Ay her neyse... Şaka maka gözlerime çok değer veririm. Bu yüzden en azından bir süreliğine doktoru dinlemeye karar verdim. Ağlamaya ve gözlerimi bu kadar çok yormaya ara verecektim. Peki, verebildim mi? İşte orasını şu an kestiremiyorum.

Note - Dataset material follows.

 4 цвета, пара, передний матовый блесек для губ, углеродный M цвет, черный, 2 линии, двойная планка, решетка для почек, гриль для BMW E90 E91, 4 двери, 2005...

Çünkü tam da bu sorun patlak verdiği gün ben Winter Sonata izlemeye başladım. (Kocaman alkış alayım!) Evet, şu insanların "Kalbim dayanmaz diye bıraktım" diye bahsettikleri dizi. Neden yaptım bilmiyorum, tamamen bir anda gelişen bir şeydi. Eh, hayırlısı olsun, birkaç gün sonra görme kaybı falan başlamazsa iyidir.

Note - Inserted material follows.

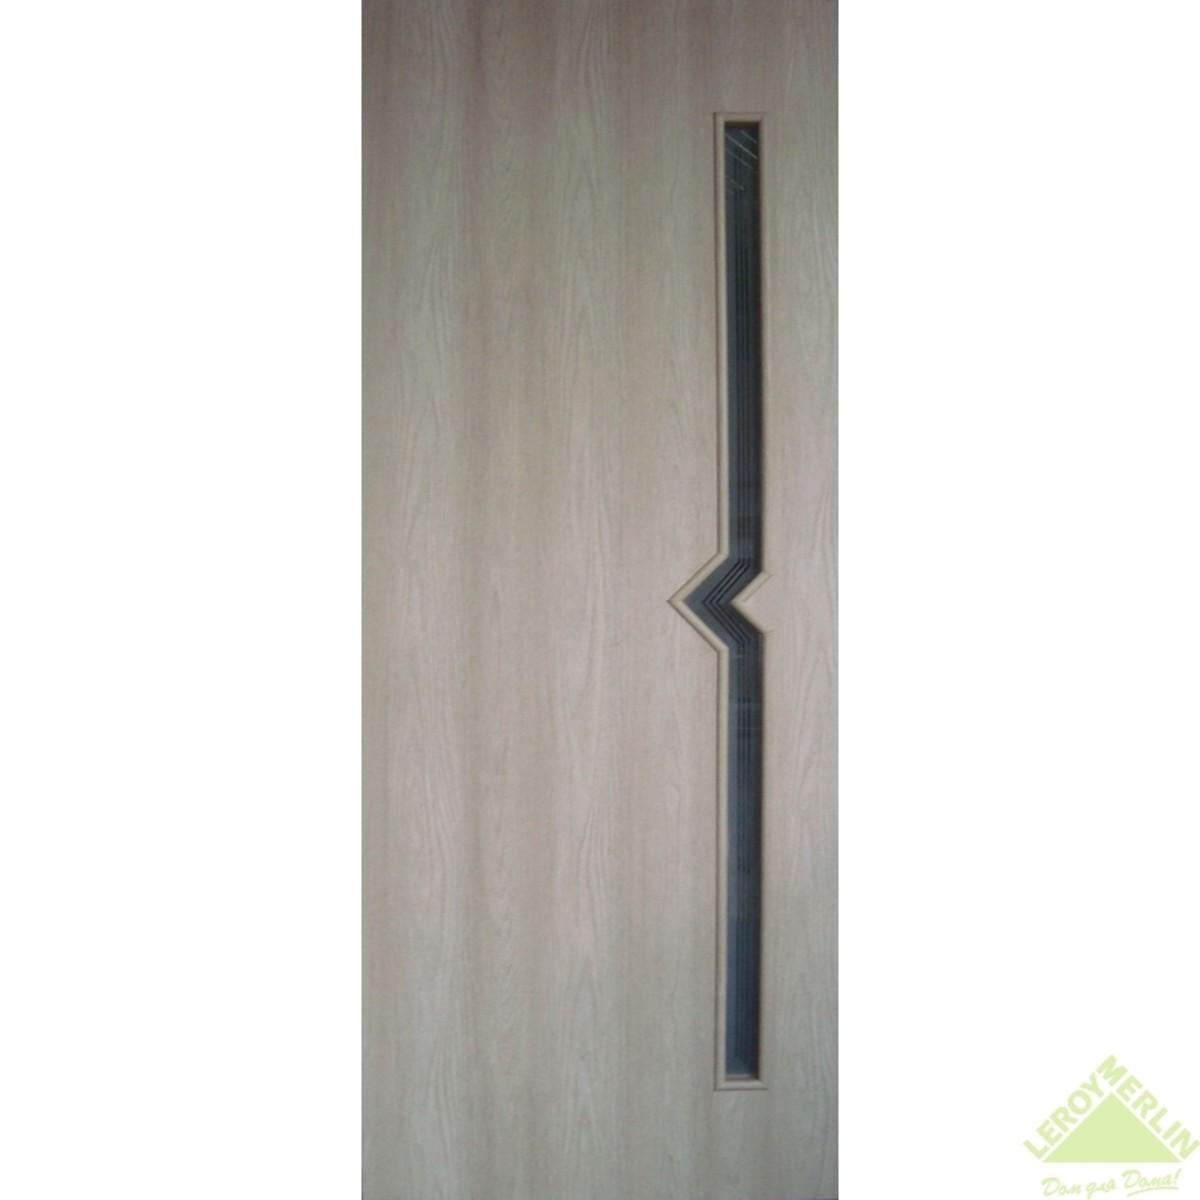 Дверное полотно остеклённое Вега 700x2000 мм ясень с фурнитурой

Yazıyı burada kesecektim, yapamıyorum. Çünkü bugün Gaksital'in yeni bölümünü izledim. Ağlamamak için kendimi tutuyordum. Taa ki... Başkan Jo'nun Gaksital kıyafetiyle kendini ortaya attığı ana kadar...

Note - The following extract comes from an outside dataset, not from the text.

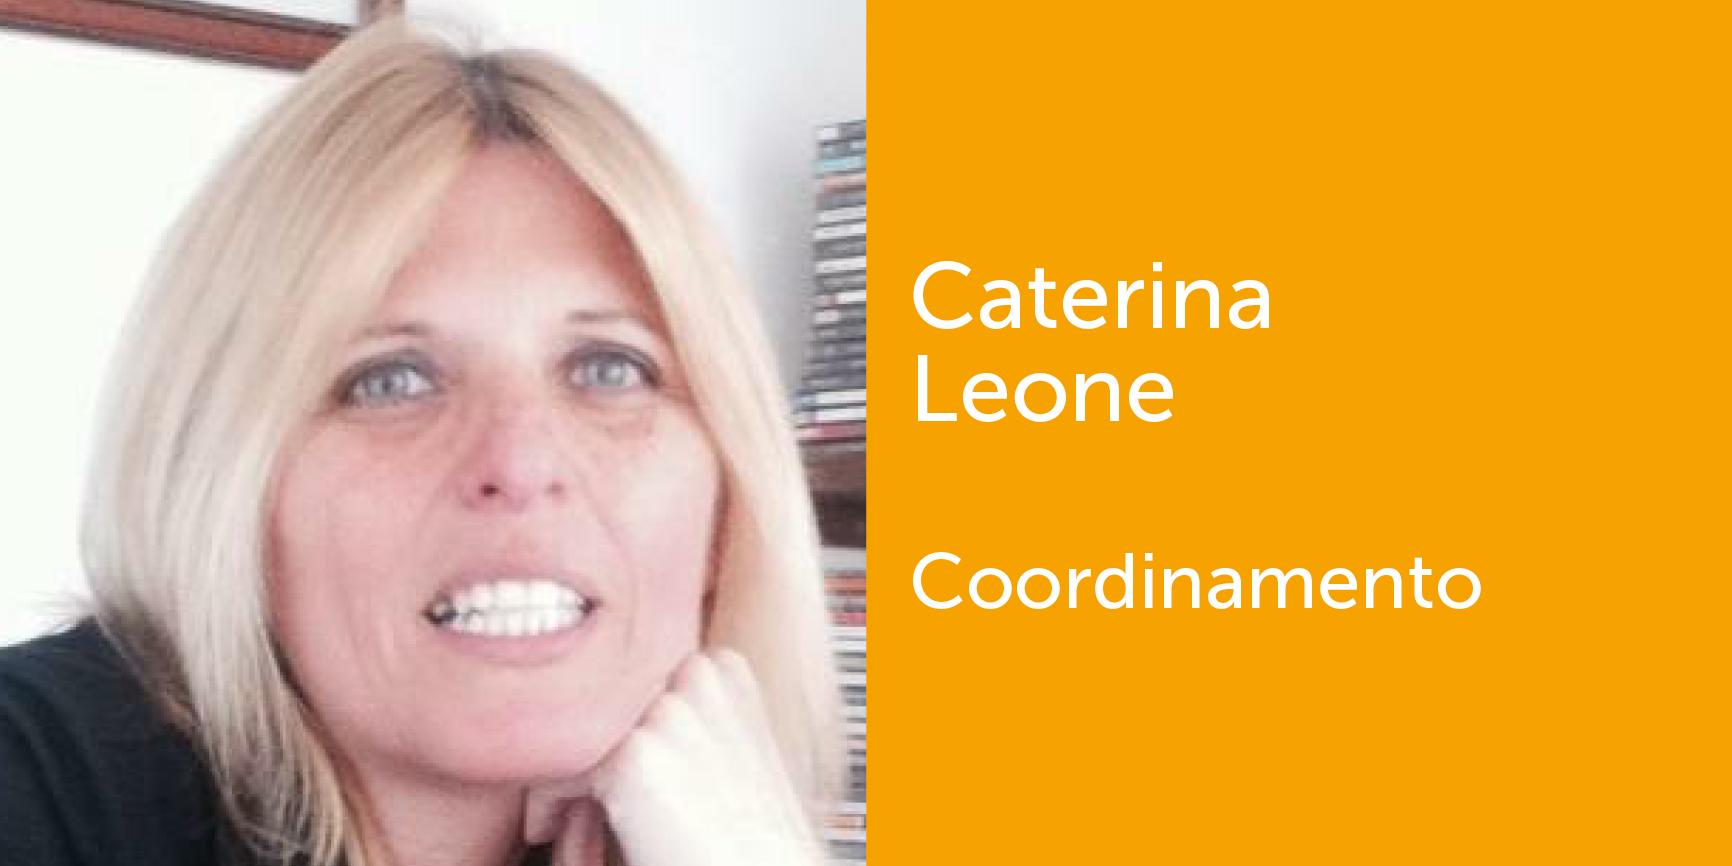 Caterina Leone - Coordinamento

Sonra bi' baktım, Josonlu gençler de Başkan'a katılmış, herkes patır patır dökülüyor, "Kara Murat benim" etkisi oluyor. Ulan dedim, sizin gibi insanlar yok bu dünyada. Ne yaptım sonra? Ağladım. Evet. Ağladım, çünkü manevi değeri o kadar yüksek bir sahneydi ki artık ağlamamak için kulaklıkları çıkarıp gözlerimi kapatmayı bile denedim, ama tutamadım kendimi. Lider Damsari nasıl ağlamadı, ben ona şaştım gerçi.
Neyse, ondan sonraki sahneler biraz karıştı, polisler dayağa falan geçti. Gaksital gelsin diye bekliyoruz artık. Hooop...


Evet, o gördüğünüz bizim cazgır ajumma'mız. Sirkin sevgili annesi... Hain Shunji onu kalbinden vurdu! Gel de ağlama abi ya. Hadi gel de ağlama... Ağladım lan.

Yalnız şu an fark ettim ki beni en çok ağlatan diziler KBS'den çıkmış. Senaristler dram bağımlısı olsa gerek, benim gibi. Keşke ağlama hakkım elimden alınmasaydı da... Aaah, ah...
Benim yerime Joo Won oppa ağlasın bari.


Gözyaşlarınızın kıymetini bilin, mavi olmasalar bile!